Geralmente as empresas que distribuem dividendos são as que apresentam maior solidez e crescimento ao longo do tempo. Então, além do crescimento e do aumento de valor, que também será refletido na cotação e aliado a esse crescimento, temos essa parcela do lucro que será distribuída e poderá ser usada da forma como o investidor decidir, seja reaplicando no mesmo ativo, em um novo ativo mais atraente naquele momento ou, ainda, usando aquela renda como fonte de sobrevivência.

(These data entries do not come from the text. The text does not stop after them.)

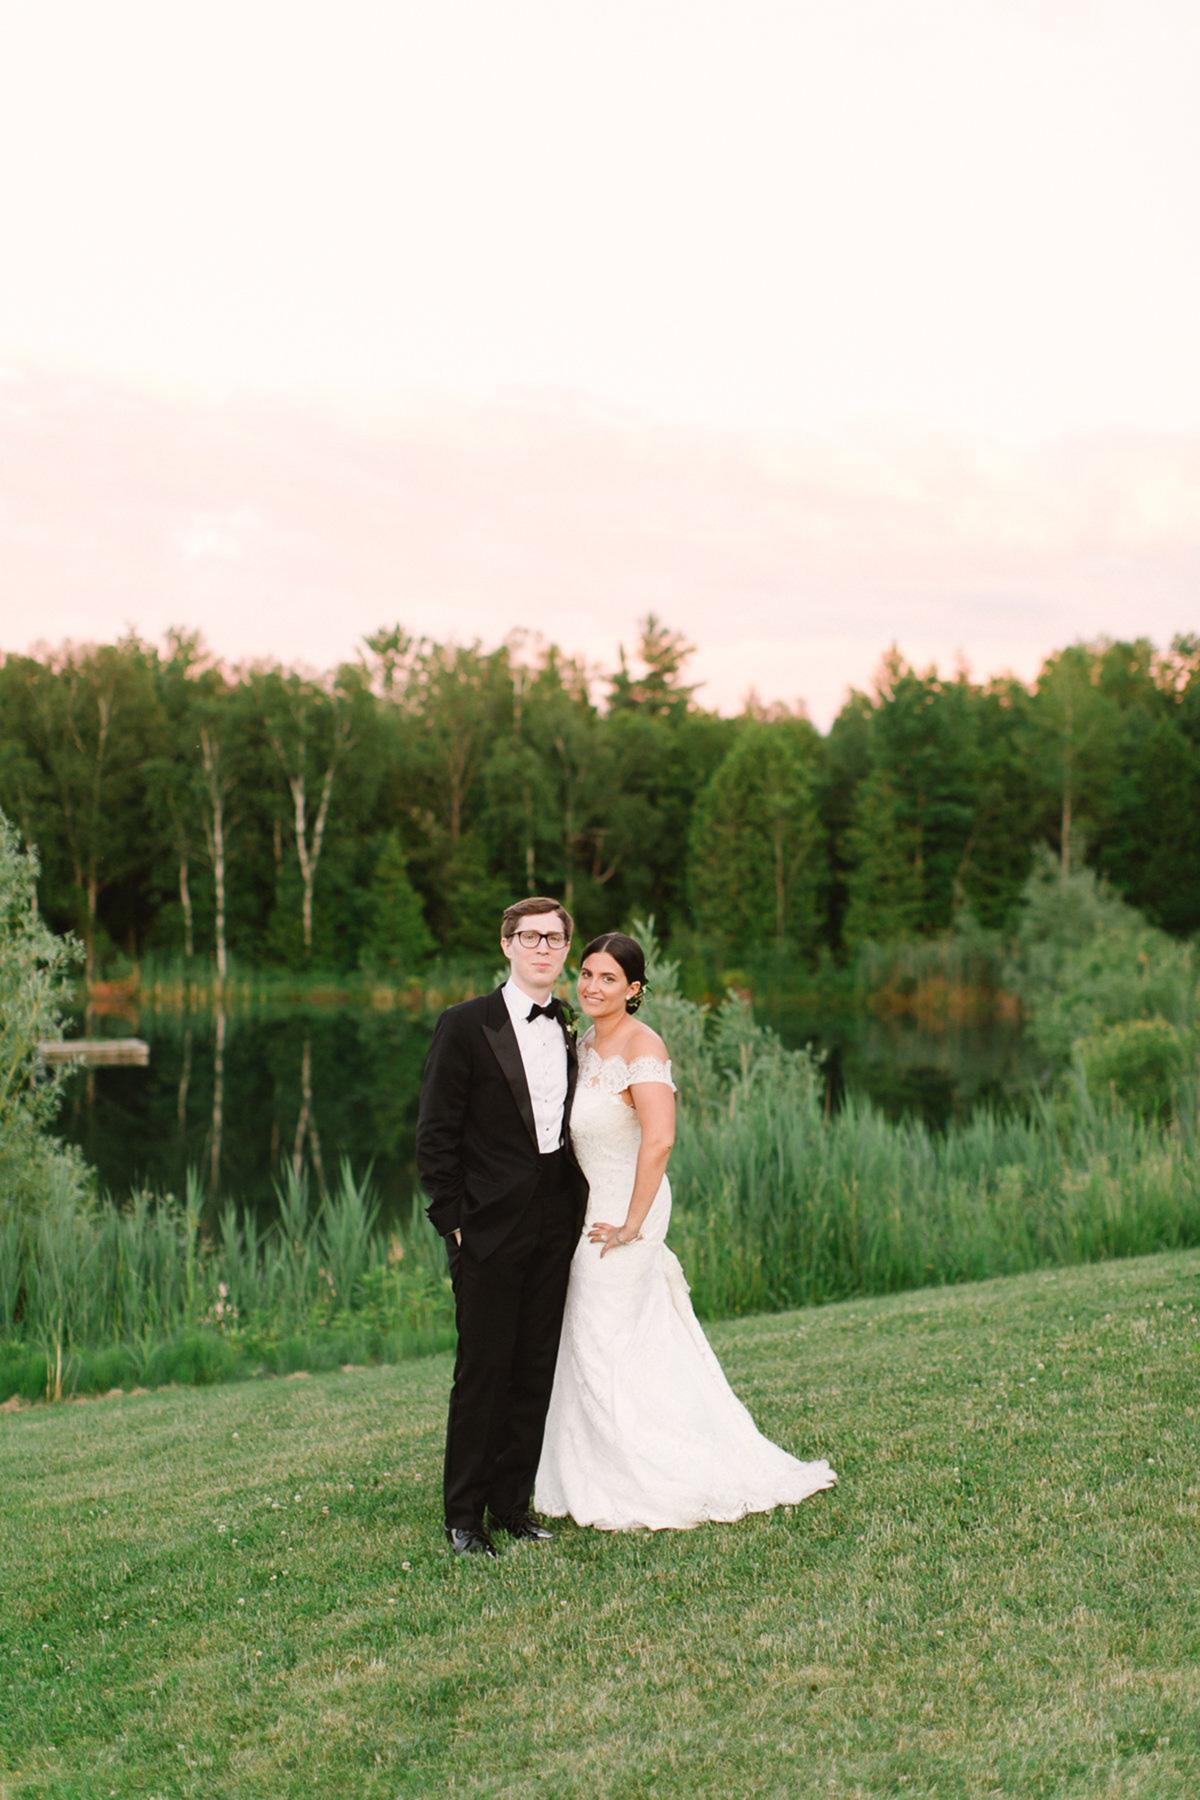 artiese-studios-vineyard-bride-swish-list-private-estate-cambridge-wedding-11.jpg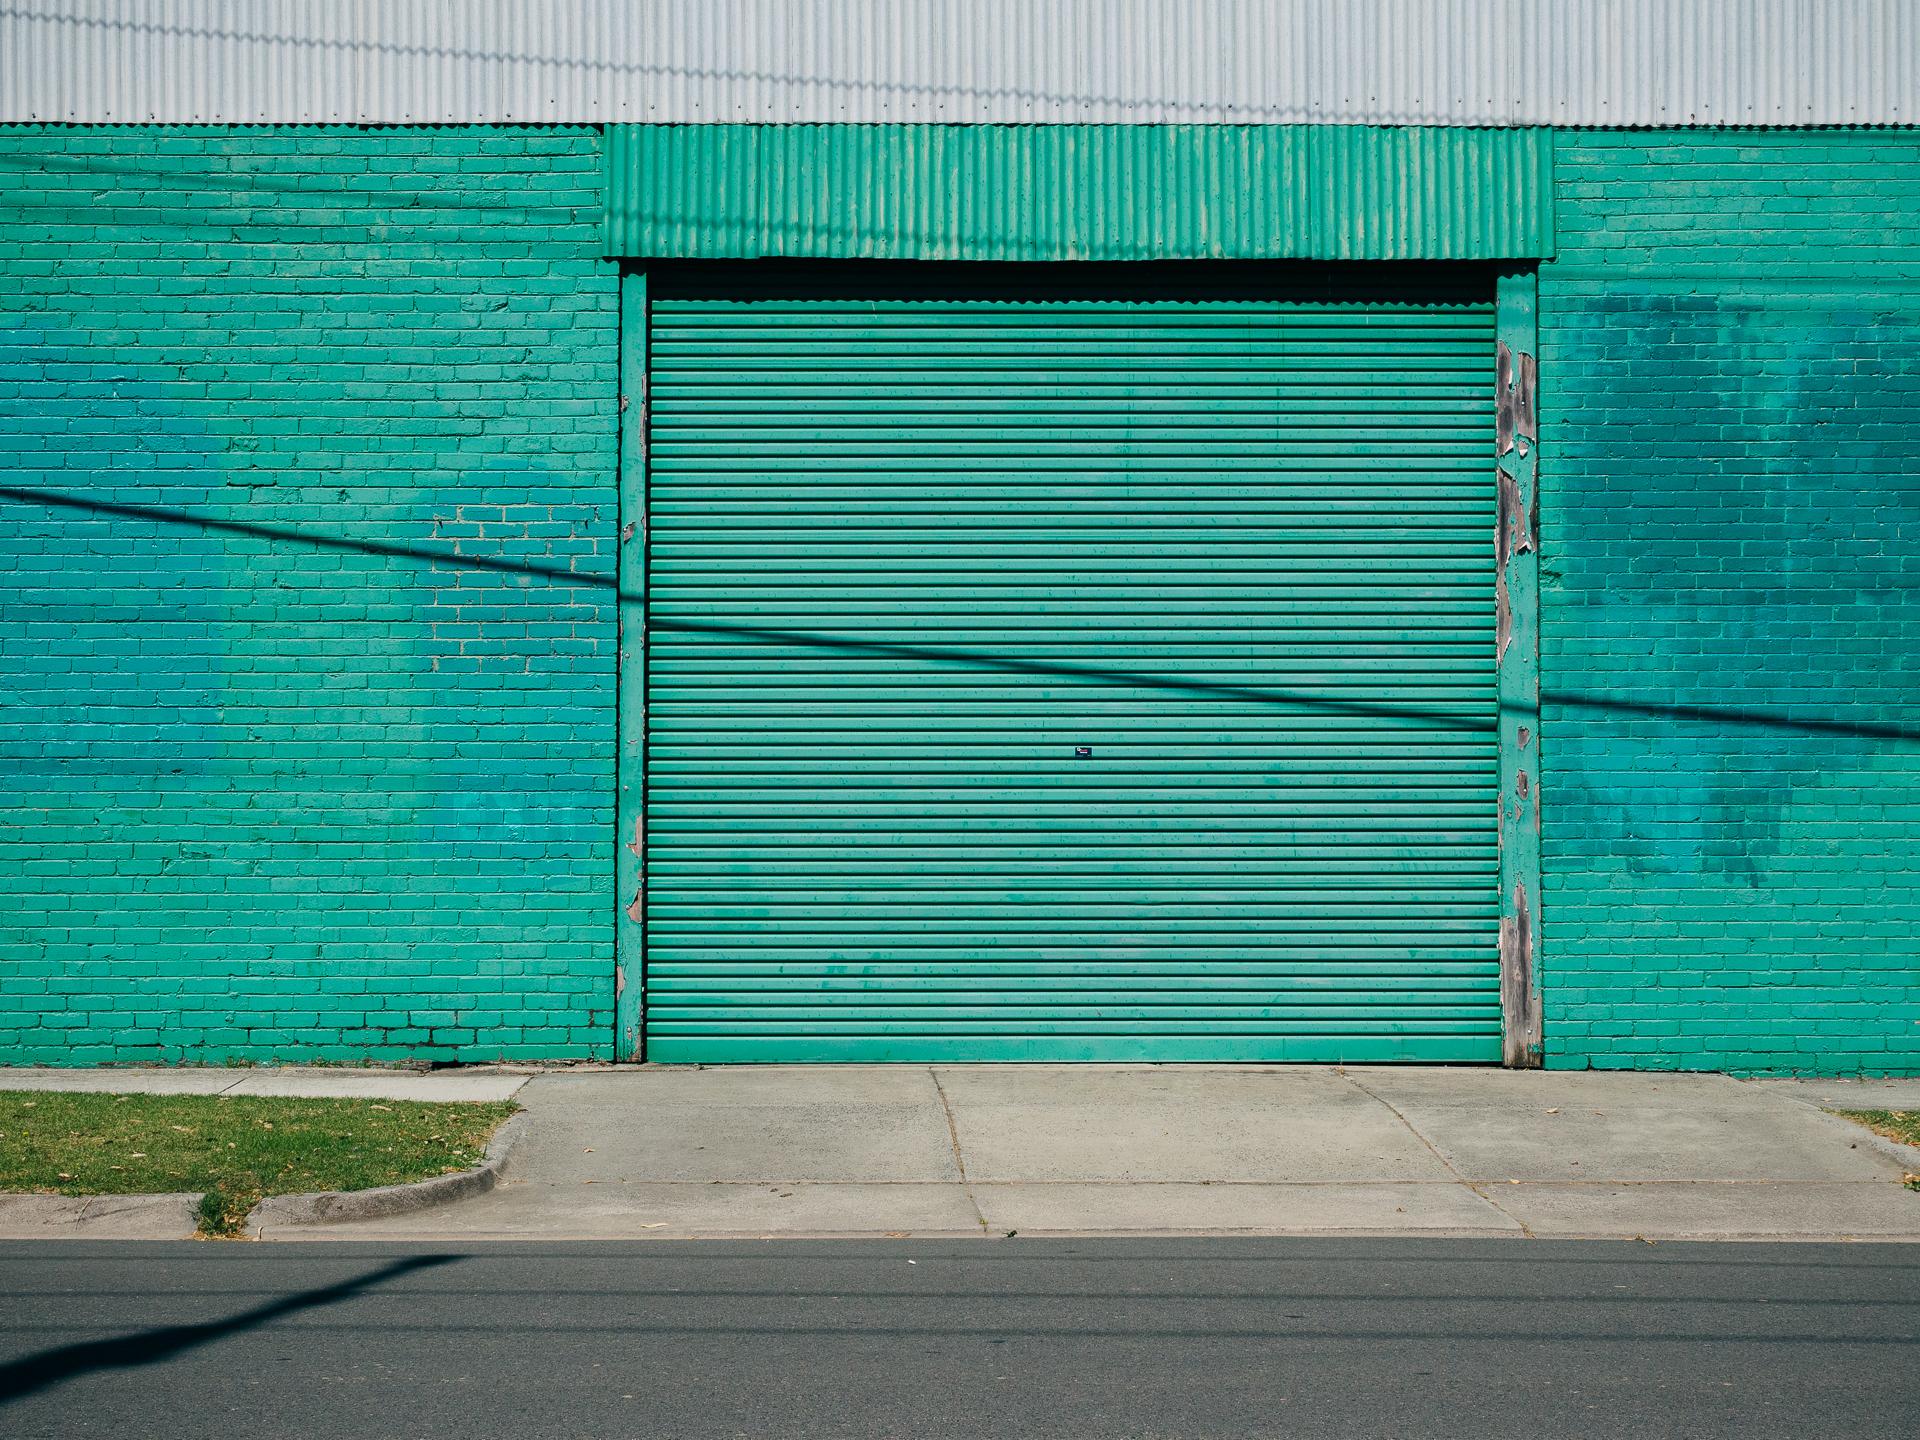 Wallpaper : peterbartlett, vsco, Australia, city, colour, dandenong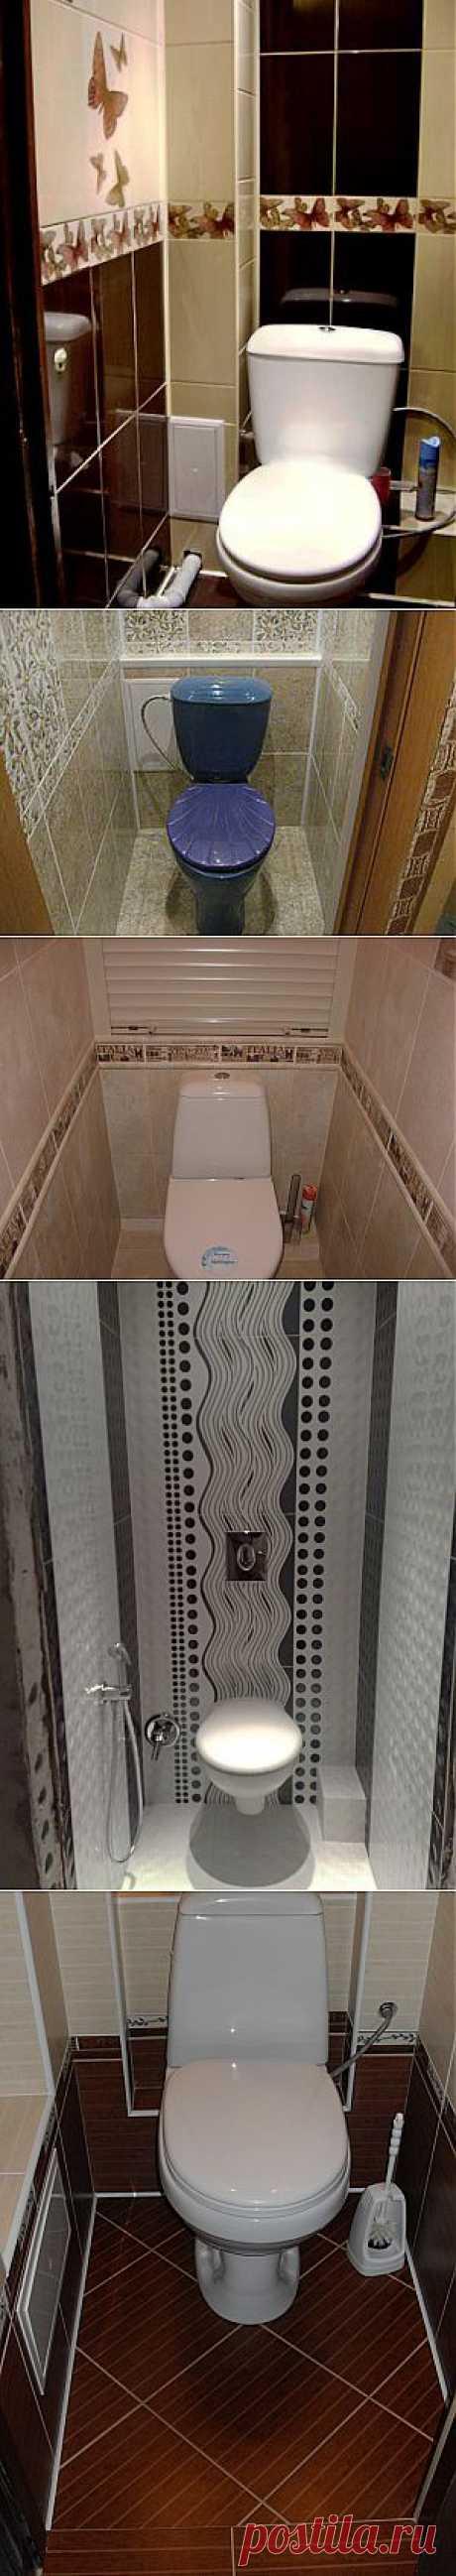 Интерьер маленького туалета (фото)..

Mas nunca esqueça que empresas são negócios, elas estão expostas a riscos, não são imbatíveis a prova de tudo. Assim como o mercado não é eficiente as empresas não são imunes a evolução.

Isso quer dizer que não é seguro investir a longo prazo ou em uma carteira de dividendos?

Não, definitivamente não foi isso que eu quis mostrar.

O objetivo desse texto é mostrar a importância da diversificação na carteira, de analisar as projeções futuras e não somente o histórico, e principalmente não acreditar em comprar e esquecer.

A gestão ativa é necessária, ao menos pra quem valoriza o próprio dinheiro.

Se você investisse apenas em OI e ETER, como estaria sua carteira hoje?

Você só precisa fazer algumas poucas coisas certas na vida- desde que não faça muitas erradas.